Weil also brings something else rare in the space world: DoD credibility. He was one of four tech executives invited to join the U.S. Army Reserve’s leadership development program aimed at bridging industry and military needs. For a company like Stoke, which will almost certainly rely on government contracts—much like the aerospace giants working with NASA—to stabilize cash flow during its early operational phase, that network could prove invaluable.
When the Noise Sets In, Execution Is Everything
Every aerospace startup faces a brutal choice: burn capital chasing perfection—or launch prematurely and risk reputation. Stoke seems to be walking the middle path.
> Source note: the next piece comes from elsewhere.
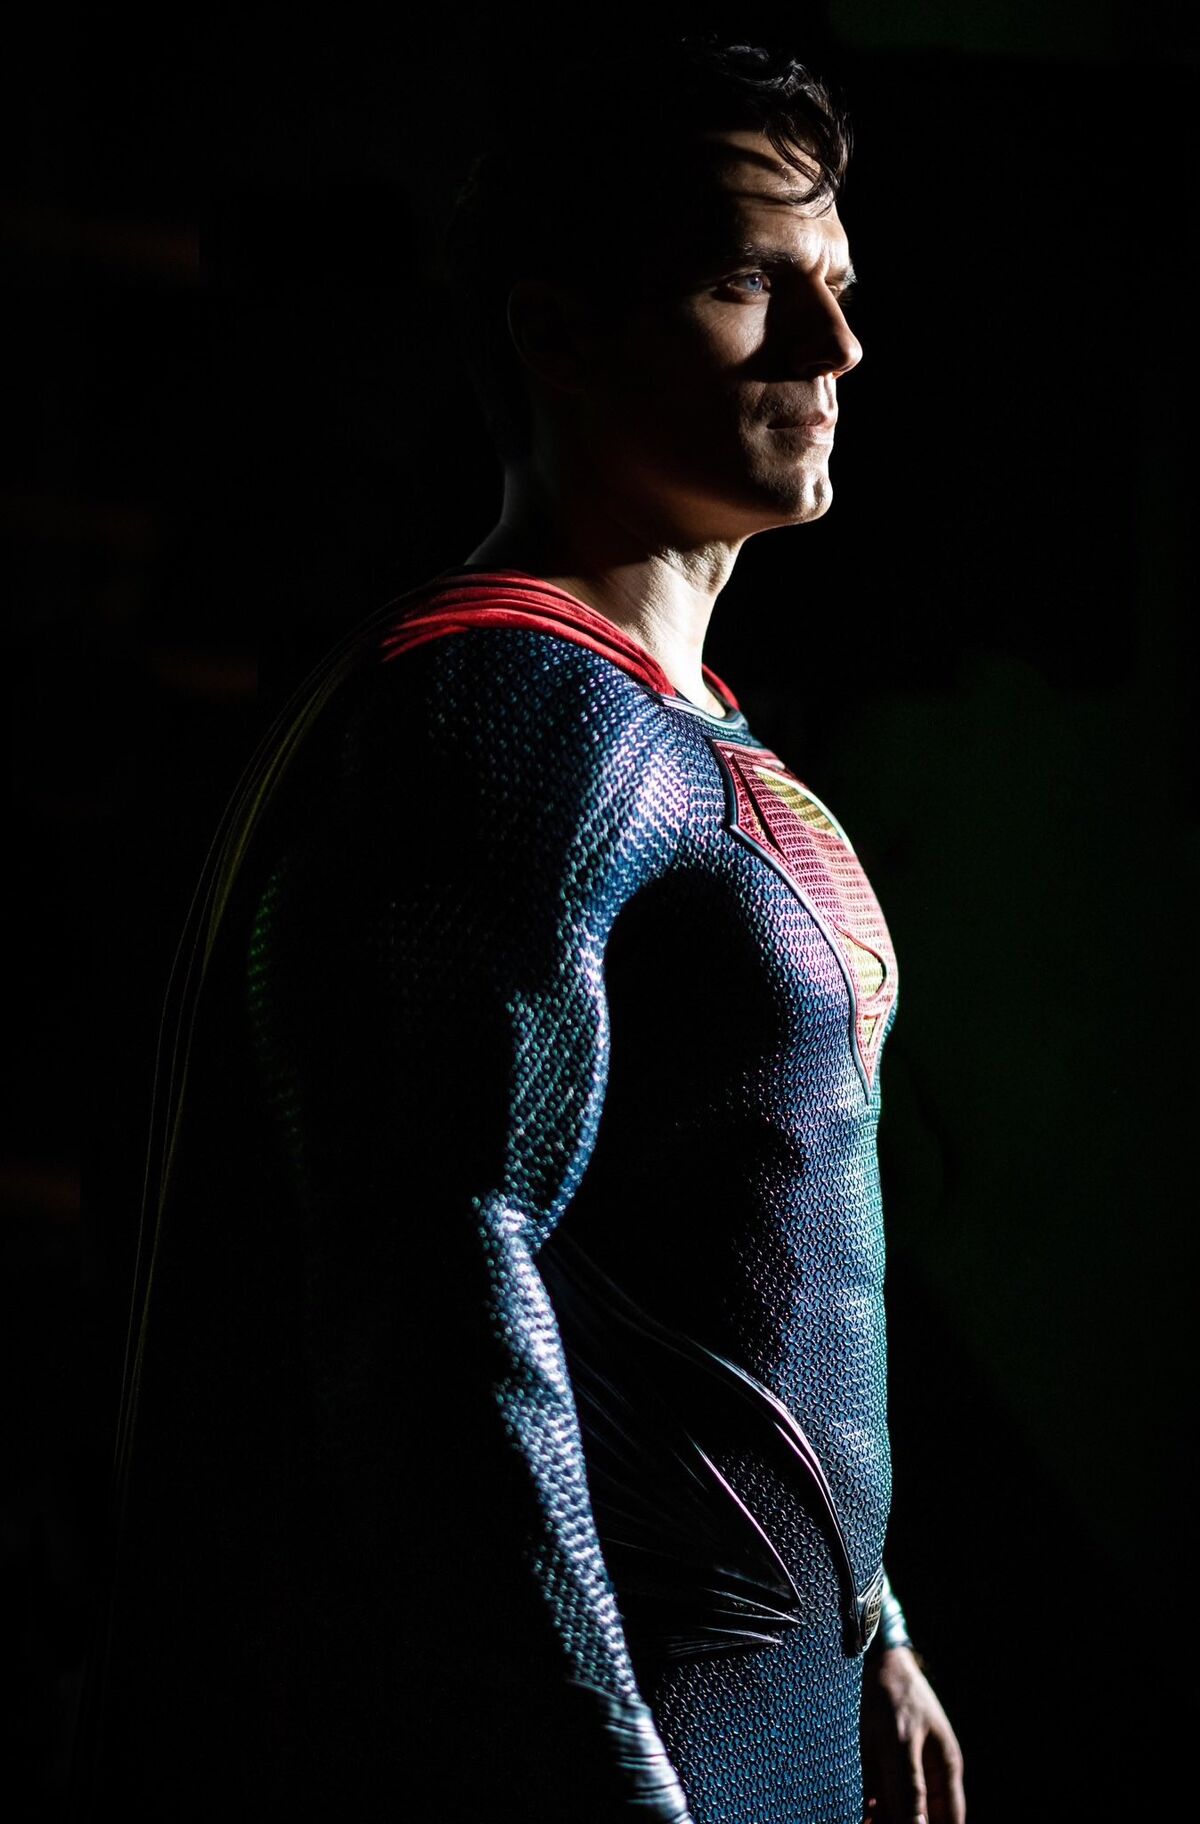 Man of Steel (film), Superman Wiki

It raised $510 million in its Series D just last year. That kind of capital wouldn’t come without proof points—and it wouldn’t stick around if the team wasn’t beginning to deliver. Lapsa’s engineering instincts, combined with Weil’s operational chops and strategic network, present a compelling one-two punch.
The real question isn’t whether Stoke can build the rocket. It’s whether it can build the organization that builds it—and sustains it through inevitable setbacks.
That’s where Weil steps in. Not as the face of the company, but as a quietly persuasive force behind it. His job isn’t to cheerlead or headline press releases. It’s to ensure that every hire, every technical decision, every partnership ties back to one objective: flying Nova, repeatedly and reliably.
“Kevin [an early investor in the company with his wife Elizabeth] comes with all of that background and was able to help me think about fundraising and getting the company off the ground,” Lapsa told TechCrunch.
The board seat isn’t ceremonial. It’s the final step in a years-long trust-building process—one that may just tip Stoke into the next tier of credible aerospace players.